With capability to observe events on the Sun's corona and spot a solar storm or solar eruption as it happens, record its temperature at origin and watch its path, it can work as advanced warning to switch off electrical systems and satellites and move them out of harm's way.

Aditya-L1's Special Capability

While other solar missions observing our star, Aditya-L1 has an advantage compared to rivals when it comes to studying the solar atmosphere.

"The instrument has perfect dimensions that lets it nearly mimic lunar coverage, fully covering the Sun's photosphere and allowing it an uninterrupted view of nearly the entire of the corona 24 hours a day, throughout the year, even during solar events," says the expert.

Essentially, the coronagraph acts like an artificial Moon, obscuring the solar glare to let scientists continuously observe its faint outer corona – something natural eclipses does only during specific moments.

Additionally, it's unique that can study eruptions using optical wavelengths, enabling it to measure eruption heat and thermal output – crucial data indicating the intensity of an eruption when traveling our direction.

Readiness for Peak Period

To prepare for the upcoming solar maximum, scientists worked together analyzing the data obtained from one of the largest solar eruption recorded by the mission has recorded until now.

It originated on 13 September 2024 during early hours.
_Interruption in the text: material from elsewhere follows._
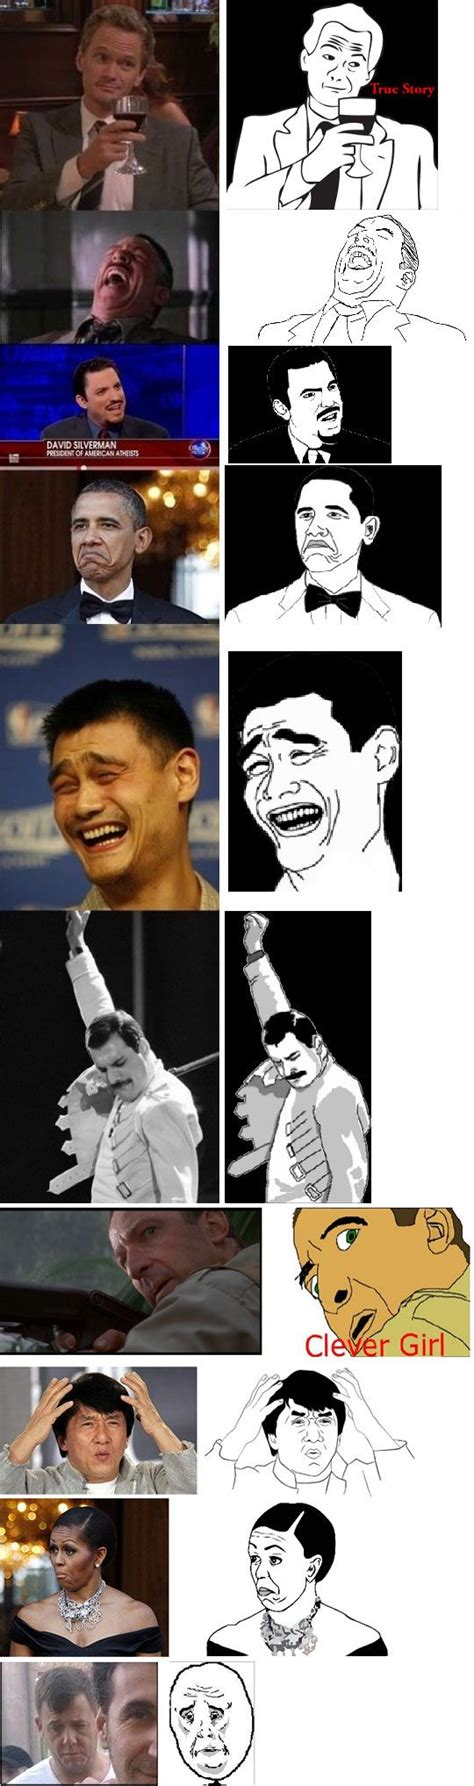 Meme Original Pictures - 25 best ideas about meme faces on pinterest lol memes funny movie memes and snow movie

The eruption's weight totaled billions of tons – the iceberg that struck the ship weighed much less.

Initially, the heat was 1.8 million degrees Celsius and the energy content was equivalent to millions of tons of TNT – in comparison the atomic bombs used in Japan were 15 kilotons and 21 kilotons respectively.

Although the numbers make it sound massive, the scientist classifies it as a "medium-sized" one.
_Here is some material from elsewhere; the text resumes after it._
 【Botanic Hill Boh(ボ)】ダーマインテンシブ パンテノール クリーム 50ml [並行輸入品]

The space rock which wiped out the dinosaurs on Earth carried enormous energy and during solar peak occurs, we could see eruptions with energy content matching even more than that.

"I consider this eruption we evaluated happened during periods was in the normal activity phase. This establishes the benchmark for future comparison assessing what is in store when the maximum activity cycle occurs," he says.

"The insights from this will help us work out protective measures to implement to protect satellites in orbit. Additionally, they'll aid us gain a better understanding of our space environment," he concludes.